Chapter 7.2, Problem 15E

Interpretation Introduction

Interpretation:

For the system equation $\dot{\text{x}}\text{ = x}\left(\text{2 - x - y}\right)$ and ${\dot{\text{y}}\text{ = y(4x - x}}^{\text{2}}\text{- 3)}$, with no closed orbits, find the fixed points and classify them. Also sketch the phase portrait.

Concept Introduction:

• Determine the Jacobian matrix for system equation and fixed points.

• Identify the stability using Eigen values.

• Sketch the phase portrait.

Answer to Problem 15E

Solution:

1. The fixed points are $\left(\text{x,y}\right)\text{ = }\left(\text{0,0}\right)\left(\text{1,1}\right)\left(\text{2,0}\right)\text{and}\left(\text{3,-1}\right)$ and $\left(\text{3,-1}\right)$. The point $\left(\text{x,y}\right)\text{ = }\left(\text{0,0}\right)$ is a saddle point, $\left(\text{x,y}\right)\text{ = }\left(\text{1,1}\right)$ is a stable spiral, the point $\left(\text{x,y}\right)\text{ = }\left(\text{2,0}\right)$ is a saddle point and $\left(\text{x,y}\right)\text{ = }\left(\text{3,-1}\right)$ is a stable spiral.

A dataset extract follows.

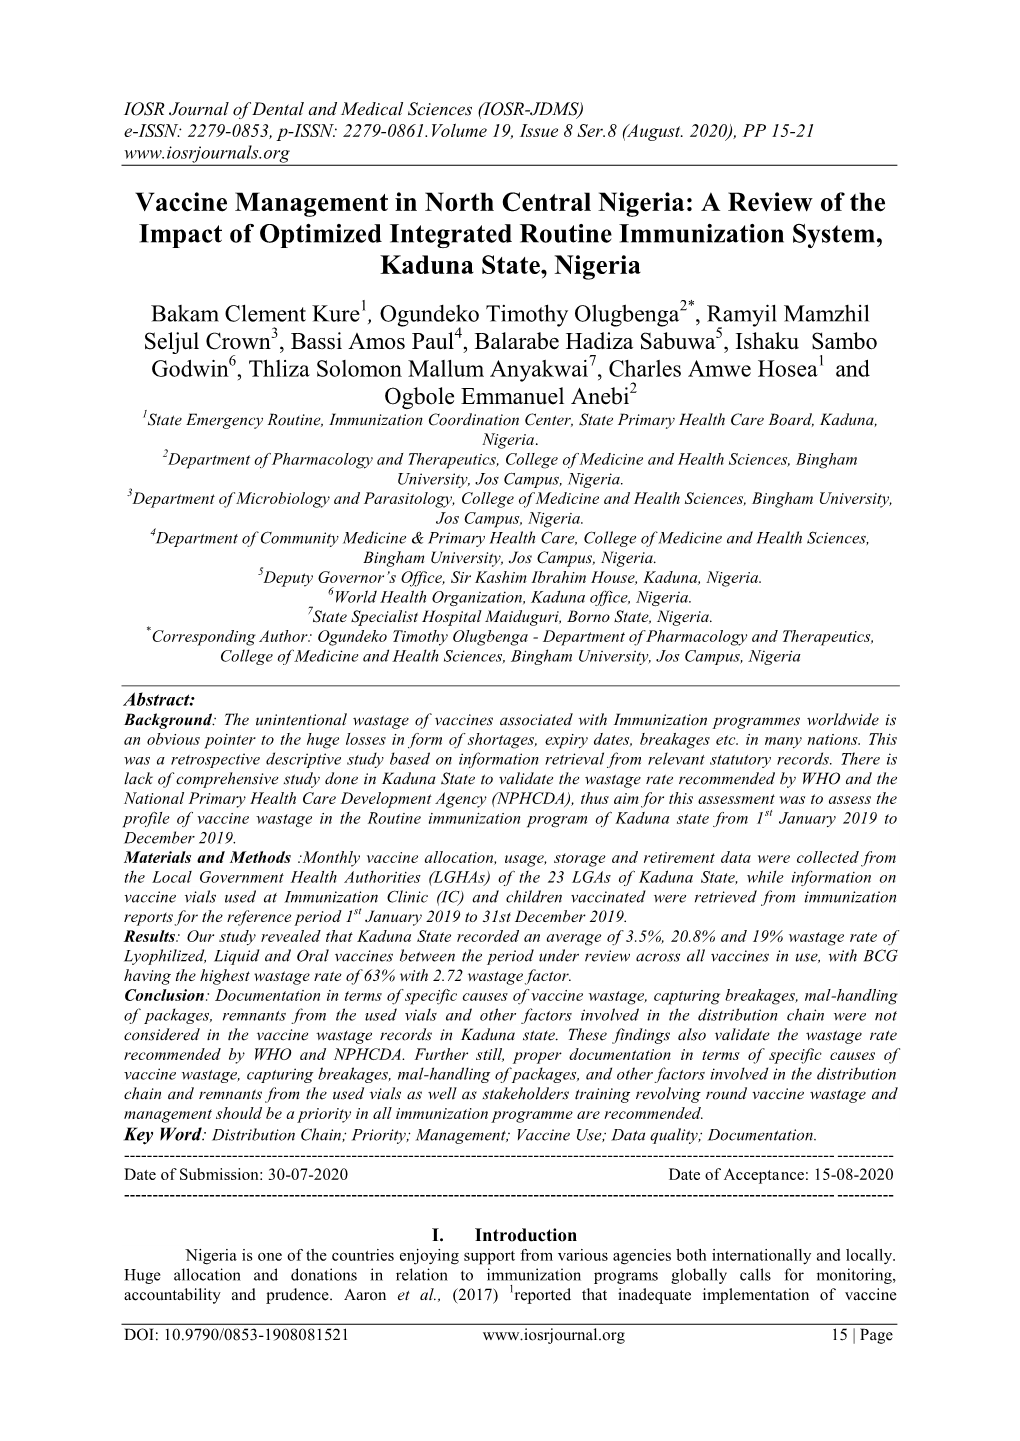 Vaccine Management in North Central Nigeria: a Review of the Impact of Optimized Integrated Routine Immunization System, Kaduna State, Nigeria

2. The phase portrait of the given system equation is shown.

Explanation of Solution

In the linear system the determination of the matrix A is defined by $\text{Δ}$. If det (A) is positive so the Eigen values are real and have opposite signs and the fixed point is a saddle point.

Here, $\text{x}$ is the position coordinate. Position is the function of time hence

$\dot{\text{x}}\text{= }\frac{\text{dx}}{\text{dt}}$

1. Consider the given system equations

   $\dot{\text{x}}\text{ = x}\left(\text{2 - x - y}\right)$

   ${\dot{\text{y}}\text{ = y(4x - x}}^{\text{2}}\text{- 3)}$

   which has no closed orbits in the region. Now we will determine the fixed points of the given linear system by using the Jacobian matrix A and it’s determinant.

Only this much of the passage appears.